In total, 611 COPD patients (Global Initiative for Chronic Obstructive Lung Disease stage II–IV) received a 3-week inpatient pulmonary rehabilitation, of which 602 patients were included in the intention-to-treat analyses. The intervention group (n=300) received highly intensive IMT and the control group (n=302) received sham IMT. The primary outcome was maximal inspiratory pressure (PImax). The secondary outcomes were 6-min walk distance, dyspnoea, quality of life and lung function. Outcomes were assessed pre- and post-pulmonary rehabilitation. ANCOVA was used.
The intervention group showed higher effects in PImax (p<0.001) and forced inspiratory volume in 1 s (p=0.013). All other outcomes in both study groups improved significantly, but without further between-group differences. Sex and pulmonary rehabilitation admission shortly after hospitalisation modified quality of life effects.
IMT as an add-on to a 3-week pulmonary rehabilitation improves inspiratory muscle strength, but does not provide additional benefits in terms of exercise capacity, quality of life or dyspnoea. A general recommendation for COPD patients to add IMT to a 3-week pulmonary rehabilitation cannot be made.
Abstract
IMT added to a 3-week PR programme improved PImax and FIV1, but not exercise capacity, dyspnoea or QoL #COPD http://ow.ly/hPGK30gfqej
Introduction
Inspiratory muscle training (IMT) aims to improve inspiratory muscle function using different training techniques that selectively load the inspiratory muscles. IMT has been widely studied in patients with chronic obstructive pulmonary disease (COPD) and several systematic reviews support the effectiveness of IMT as a stand-alone therapy [1–5]. IMT improves maximal inspiratory muscle strength (maximal inspiratory pressure (PImax)), dyspnoea, functional capacity and health-related quality of life (QoL) [1–3].
Pulmonary rehabilitation is recommended in COPD guidelines as a key element in the long-term management of COPD [6]. The most essential pulmonary rehabilitation component is physical training, especially endurance and strength training [7–9]. The effects of pulmonary rehabilitation might increase further by adding IMT, but the evidence is inconsistent. Although meta-analyses indicate that additional IMT may improve PImax, effects on other clinically relevant outcomes such as dyspnoea, QoL or functional exercise capacity remain unclear [3, 5]. Only one meta-analysis showed a nonsignificant trend regarding 6-min walk distance (6MWD) [3]. Therefore, pulmonary rehabilitation guidelines do not recommend routinely adding IMT to pulmonary rehabilitation [8].

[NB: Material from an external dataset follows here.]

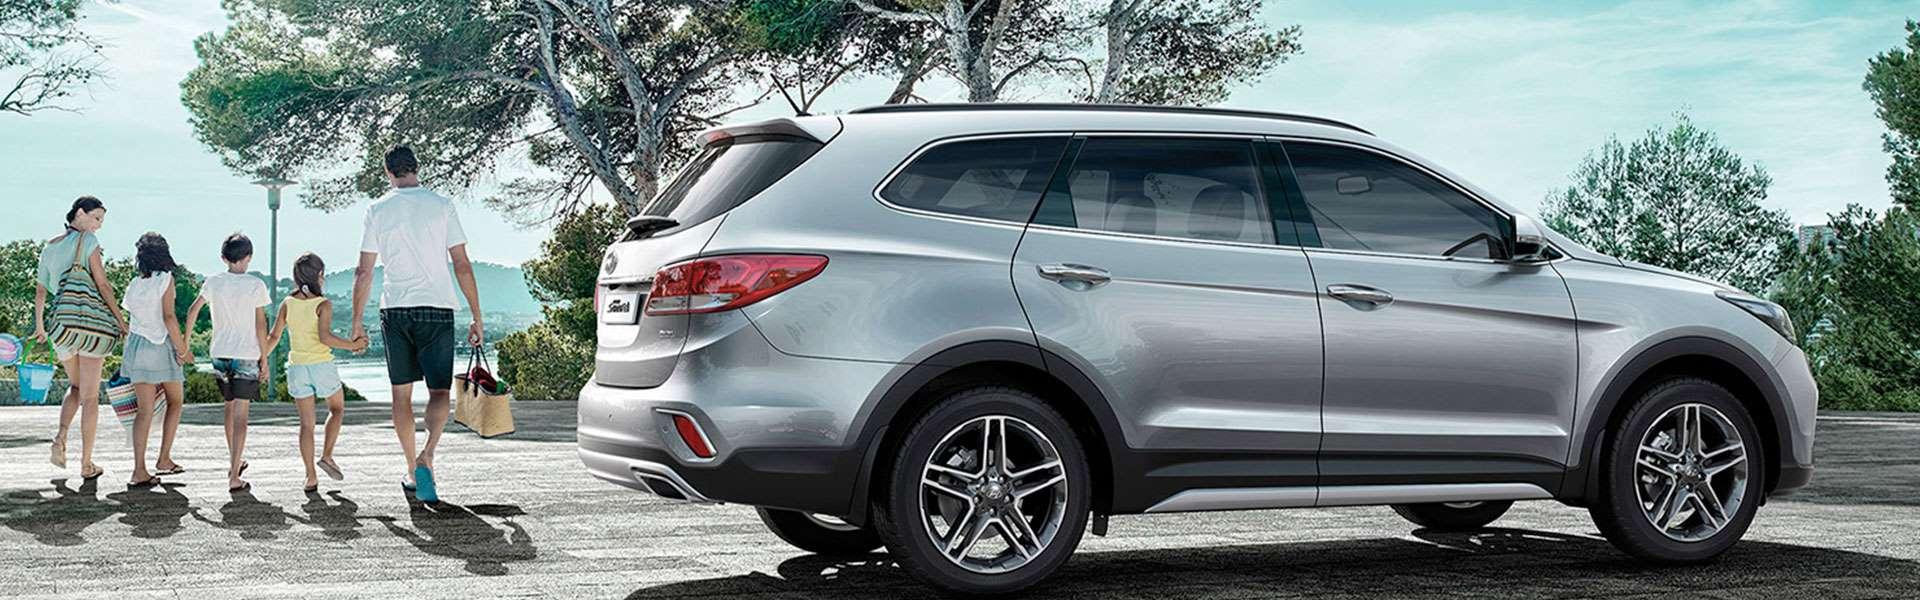 Hyundai Grand Santa Fe - обзор

Moreover, positive effects of additional IMT on PImax have been demonstrated, predominantly in studies that did not use a placebo control group or for IMT programmes with a longer duration (e.g. 6 months) [10–13]. In Germany, according to legal stipulations, pulmonary rehabilitation is usually provided on an inpatient basis for 3 weeks. However, a 3-week intensive inpatient pulmonary rehabilitation with daily IMT might be comparable to an 8-week pulmonary rehabilitation with three sessions per week [14]. Currently, it is unclear whether adding IMT to an intensive 3-week pulmonary rehabilitation programme leads to an improvement of PImax and other clinical outcomes.
Based on the comparison of studies with higher and lower mean values in baseline PImax (cut-off PImax <6 kPa), Gosselink et al. [3] hypothesised that IMT is more effective in patients with inspiratory muscle weakness. However, no study has examined this hypothesis on the patient level.

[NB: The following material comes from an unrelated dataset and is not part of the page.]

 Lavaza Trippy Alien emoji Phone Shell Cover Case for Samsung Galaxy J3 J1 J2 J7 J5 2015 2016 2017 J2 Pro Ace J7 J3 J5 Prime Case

Most randomised controlled trials (RCTs) regarding IMT as an add-on had a small sample size. Thus, a lack of statistical power may have inhibited the detection of beneficial effects in clinical outcomes. Moreover, a lack of power precludes examining moderation effects (e.g. whether effects between groups were influenced by sex or baseline PImax). Therefore, studies with adequately powered samples are required [15].
The main hypothesis of this RCT (RIMTCORE (Routine Inspiratory Muscle Training within COPD Rehabilitation)) was that IMT routinely added to a 3-week pulmonary rehabilitation programme (intervention group) improves PImax (primary outcome) in comparison with a control group receiving pulmonary rehabilitation and sham IMT. Secondary hypotheses were that IMT (compared with sham IMT) improves lung function (e.g. forced inspiratory volume in 1 s (FIV1), forced expiratory volume in 1 s (FEV1) and vital capacity), dyspnoea, functional capacity and QoL. Furthermore, modifying effects on these outcomes were examined for sex, Global Initiative for Chronic Obstructive Lung Disease (GOLD) stage, smoking status, “pulmonary rehabilitation admission directly or up to 2 weeks after hospitalisation due to acute exacerbations of COPD” (Hosp_AECOPD) versus “pulmonary rehabilitation in stable COPD” and baseline PImax.
Methods
Study design and subjects
This RCT used a parallel group design: COPD patients who underwent a 3-week inpatient pulmonary rehabilitation in the Bad Reichenhall Clinic (Bad Reichenhall, Germany) were recruited from February 2013 to July 2014. All admitted patients with GOLD stage II–IV fulfilling inclusion and exclusion criteria (table 1) were asked to participate. Participants were randomised without stratification according to a computer-generated randomisation list (provided by the University of Würzburg, Würzburg, Germany) to receive either highly intensive strength IMT (intervention group) or sham IMT (control group). Based on results of a nonrandomised pilot study, a sample size of n=420 patients was planned (for details regarding sampling and randomisation procedures, see supplementary material).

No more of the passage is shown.